§ **Supplied material**:
BEGIN

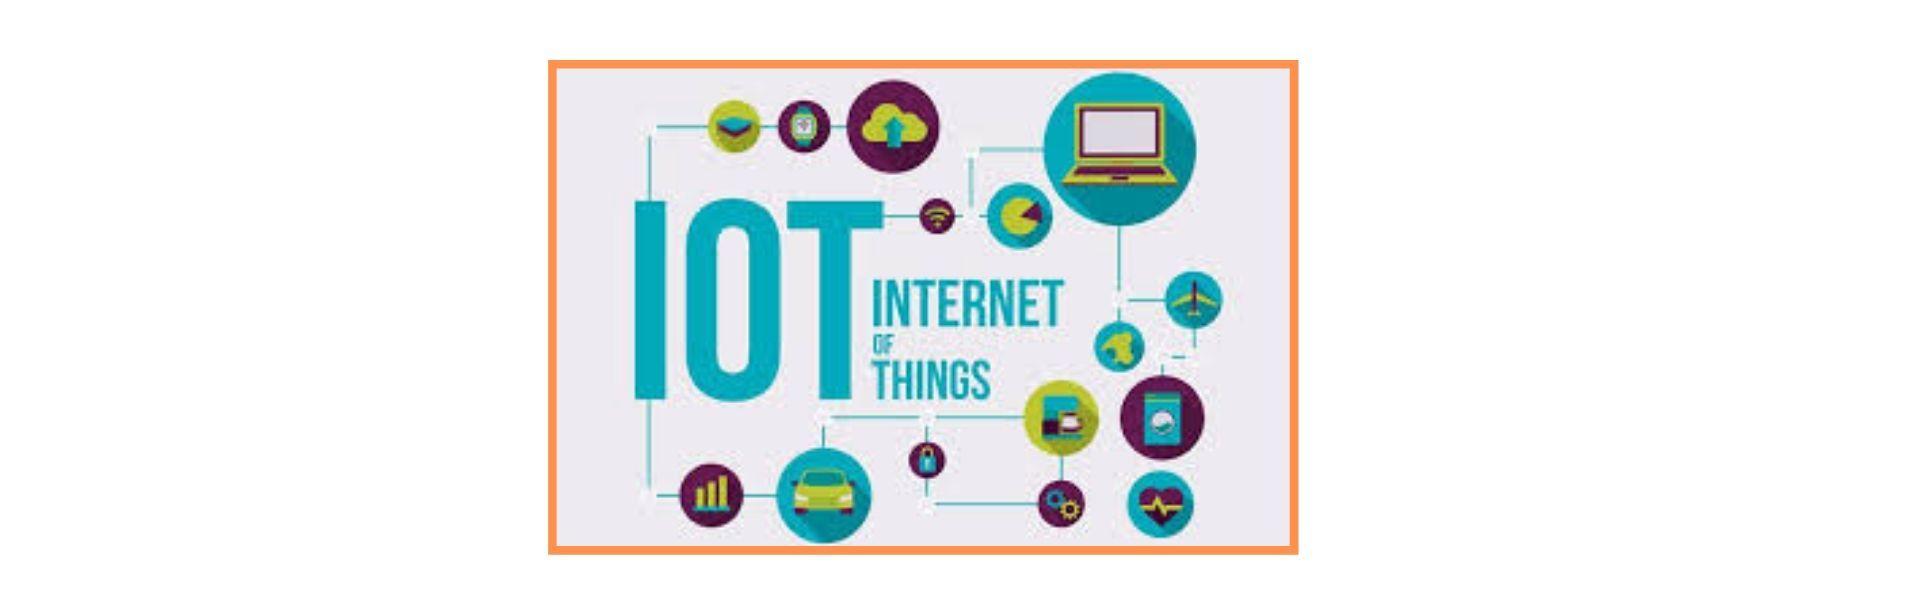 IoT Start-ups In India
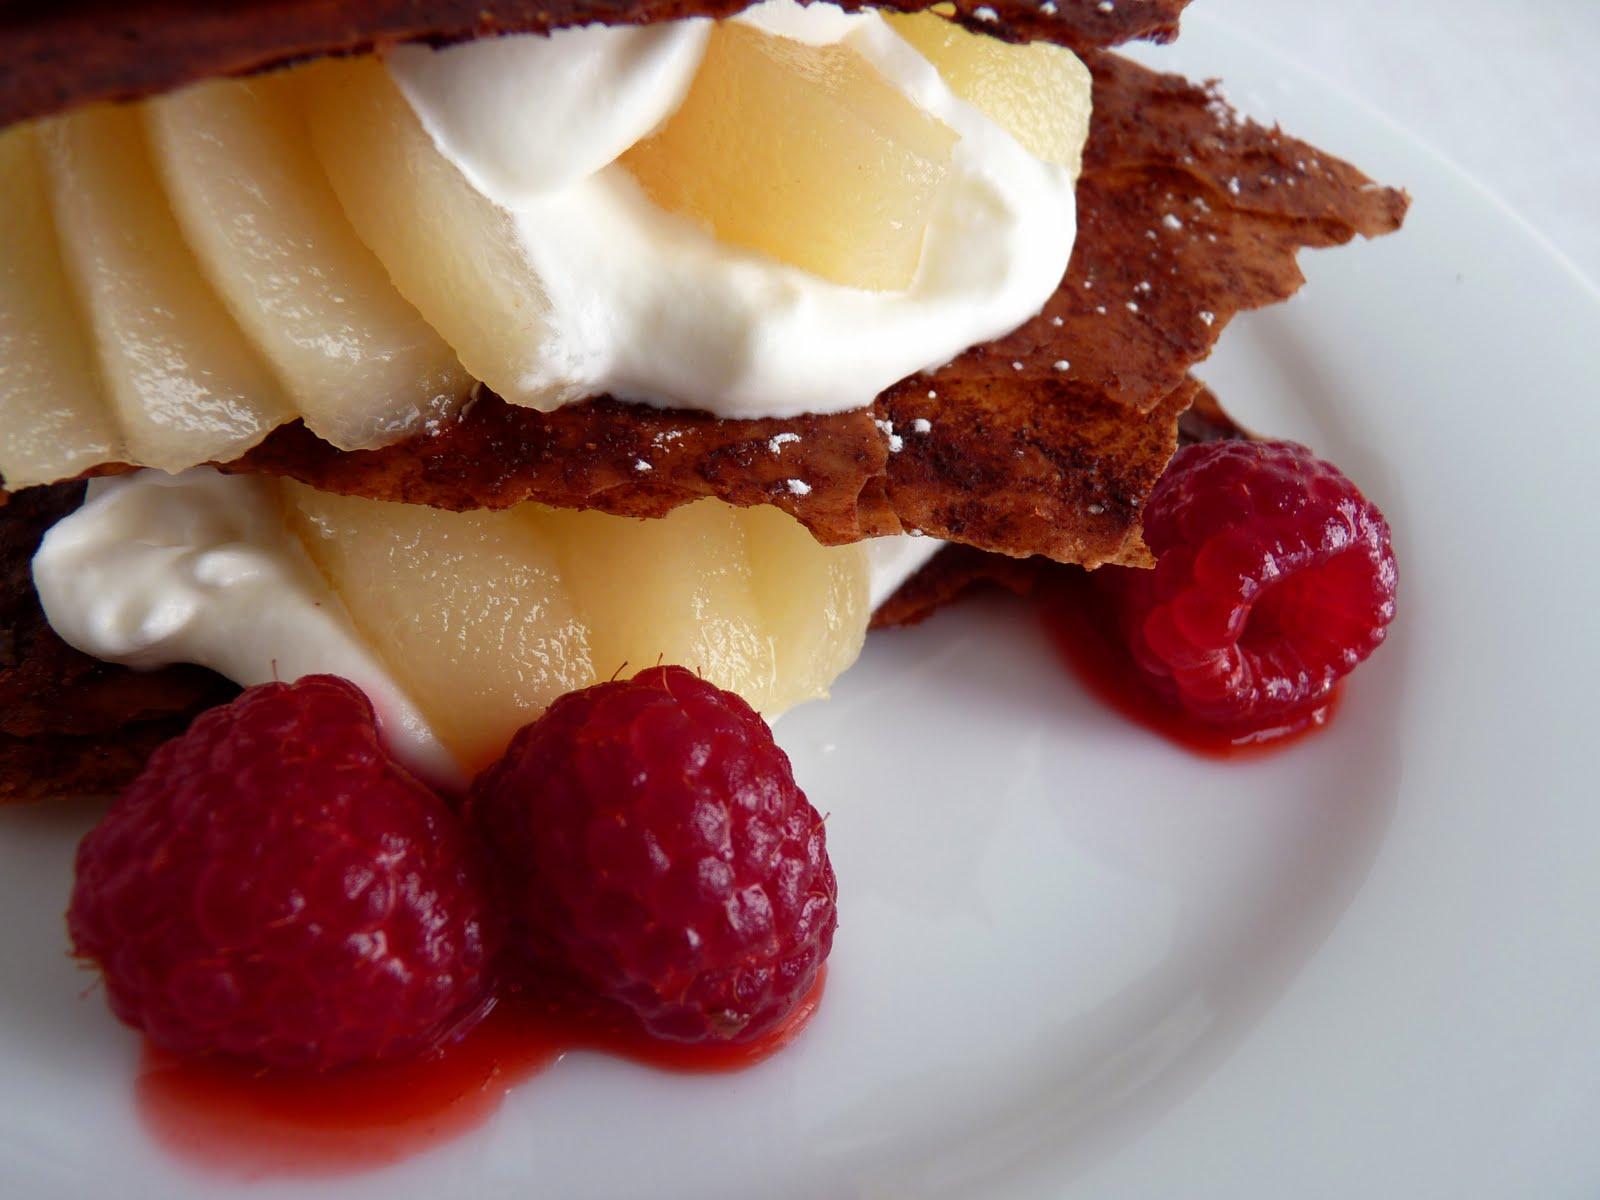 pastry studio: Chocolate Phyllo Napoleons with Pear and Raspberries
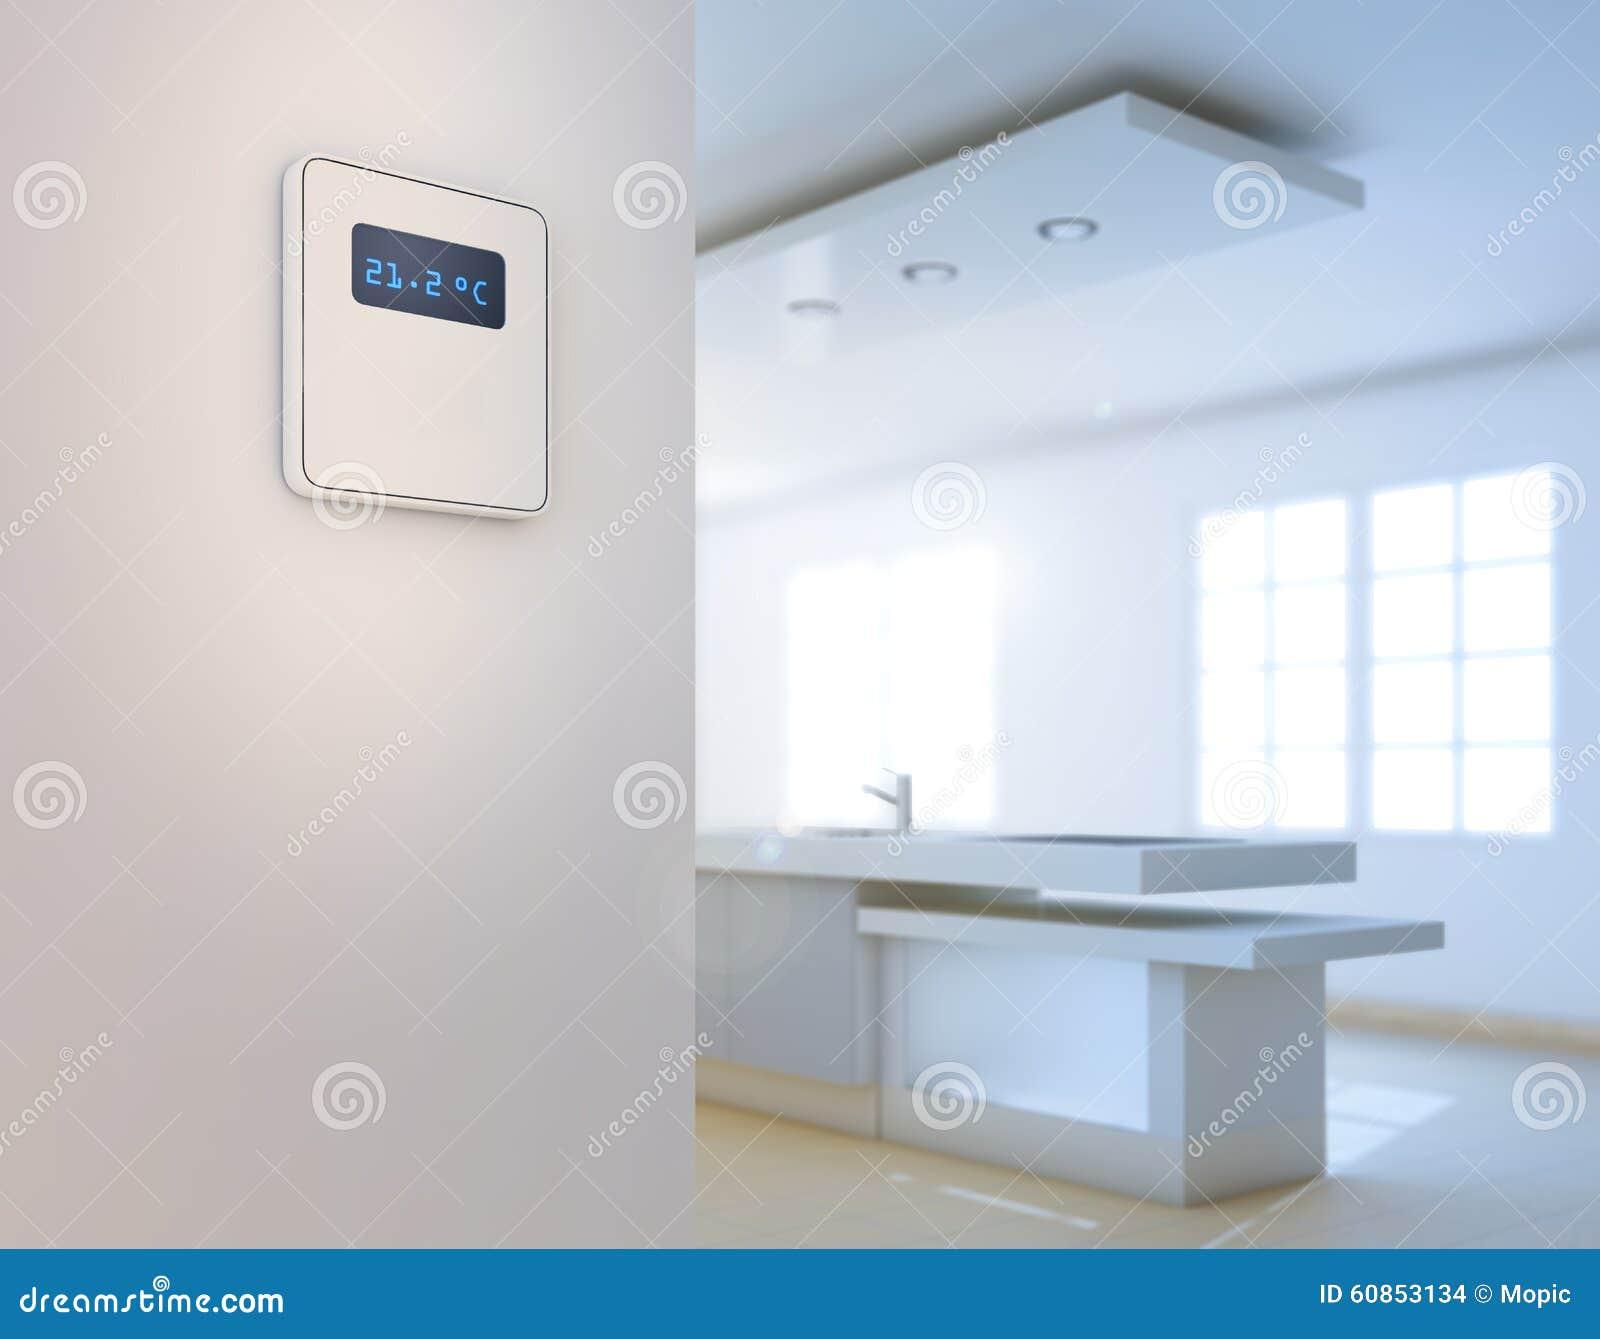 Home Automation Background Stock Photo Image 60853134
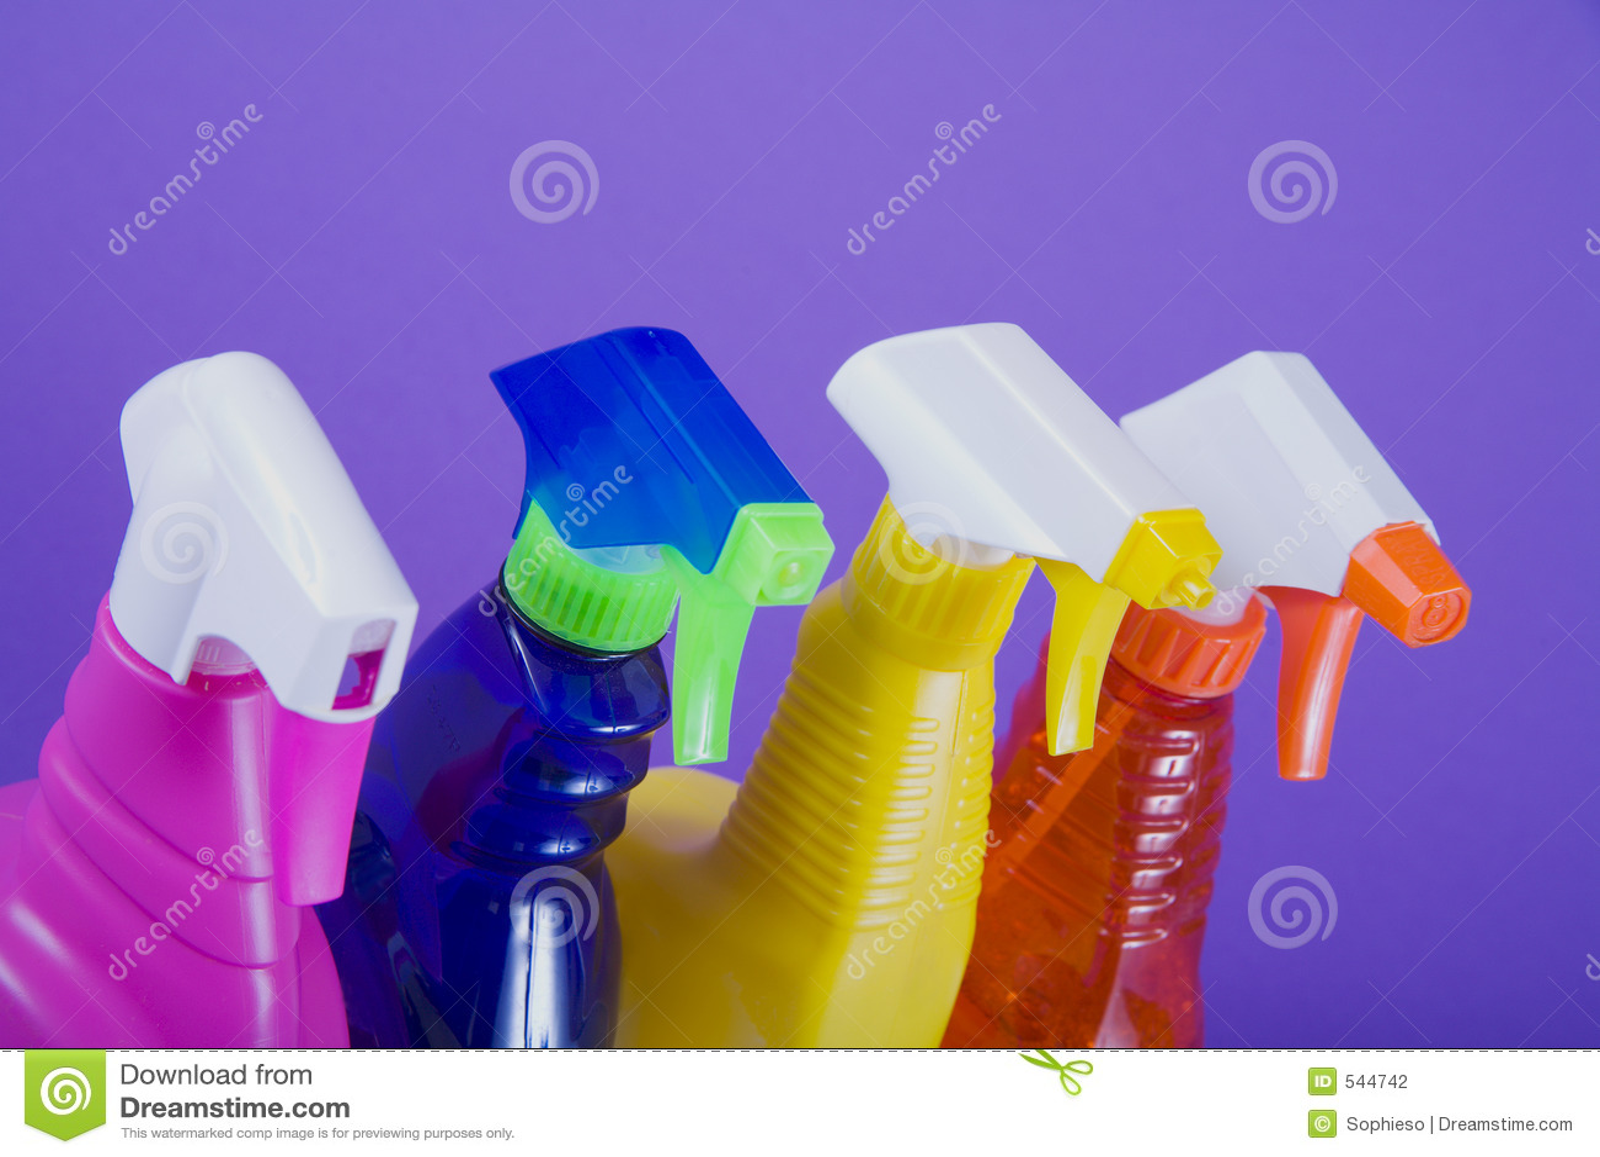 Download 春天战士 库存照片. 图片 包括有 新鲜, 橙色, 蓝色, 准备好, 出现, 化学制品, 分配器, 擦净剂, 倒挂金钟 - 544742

END

§ **Exercise prompt**: Exact copy, no pictures: reproduce the whole listing above.

§ **Answer for the task**:
 IoT Start-ups In India
 pastry studio: Chocolate Phyllo Napoleons with Pear and Raspberries
 Home Automation Background Stock Photo Image 60853134
 Download 春天战士 库存照片. 图片 包括有 新鲜, 橙色, 蓝色, 准备好, 出现, 化学制品, 分配器, 擦净剂, 倒挂金钟 - 544742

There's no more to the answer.